Oct. 1, 2014
Over
the past several decades, brain stimulation has become an increasingly
important treatment option for a number of psychiatric and neurological
conditions.
Divided
into two broad approaches, invasive and noninvasive, brain stimulation works by
targeting specific sites to adjust brain activity. The most widely known
invasive technique, deep brain stimulation (DBS), requires brain surgery to
insert an electrode and is approved by the U.S. Food and Drug Administration
(FDA) for the treatment of Parkinson's disease and essential tremor. Noninvasive techniques,
including transcranial magnetic stimulation (TMS), can be administered from
outside the head and are currently approved for the treatment of depression. Brain stimulation can result in
dramatic benefit to patients with these disorders, motivating researchers to
test whether it can also help patients with other diseases.
But,
in many cases, the ideal sites to administer stimulation have remained
ambiguous. Exactly where in the brain is the best spot to stimulate to treat a
given patient or a given disease?
Now
a new study in the Proceedings of the National Academy of Sciences (PNAS)

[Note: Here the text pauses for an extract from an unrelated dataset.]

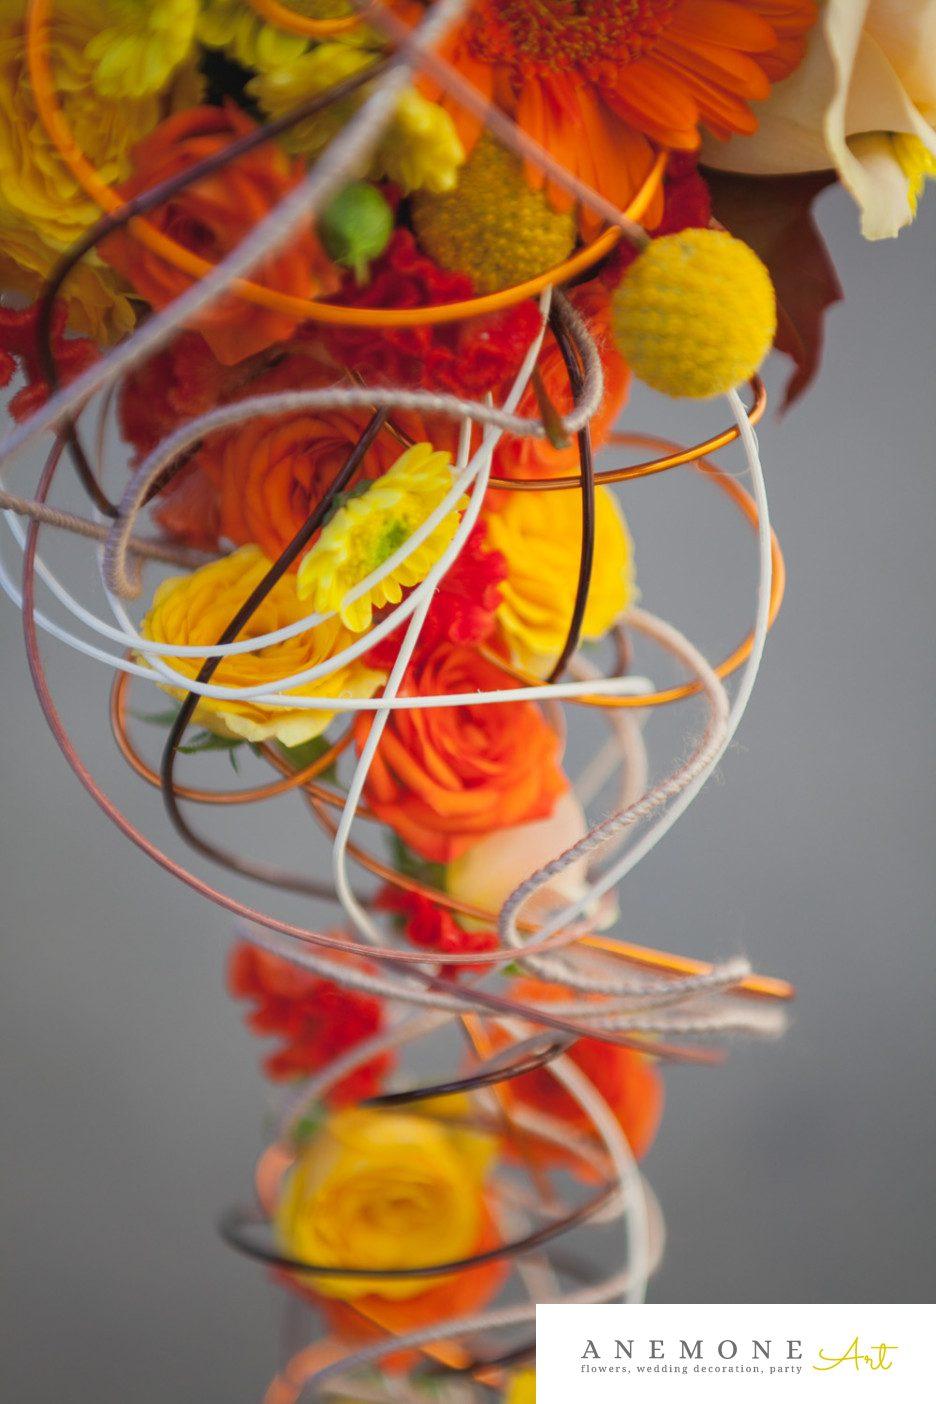 Poza, foto cu Flori de nunta buchet mireasa, celosia, craspedia, crizanteme, galben, maci, mini-gerbera, mini-rosa, portocaliu, trandafiri in Arad, Timisoara, Oradea (wedding flowers, bouquets) nunta Arad, Timisoara, Oradea

helps answer this question. Led by investigators at Beth Israel Deaconess
Medical Center (BIDMC), the findings suggest that brain networks - the interconnected
pathways that link brain circuits to one another - can help guide site
selection for brain stimulation therapies.
"Although
different types of brain stimulation are currently applied in different
locations, we found that the targets used to treat the same disease are nodes
in the same connected brain network," says first author Michael D. Fox,
MD, PhD, an investigator in the Berenson-Allen Center for Noninvasive Brain
Stimulation and in the Parkinson's Disease and Movement Disorders Center at
BIDMC.
"This
may have implications for how we administer brain stimulation to treat disease.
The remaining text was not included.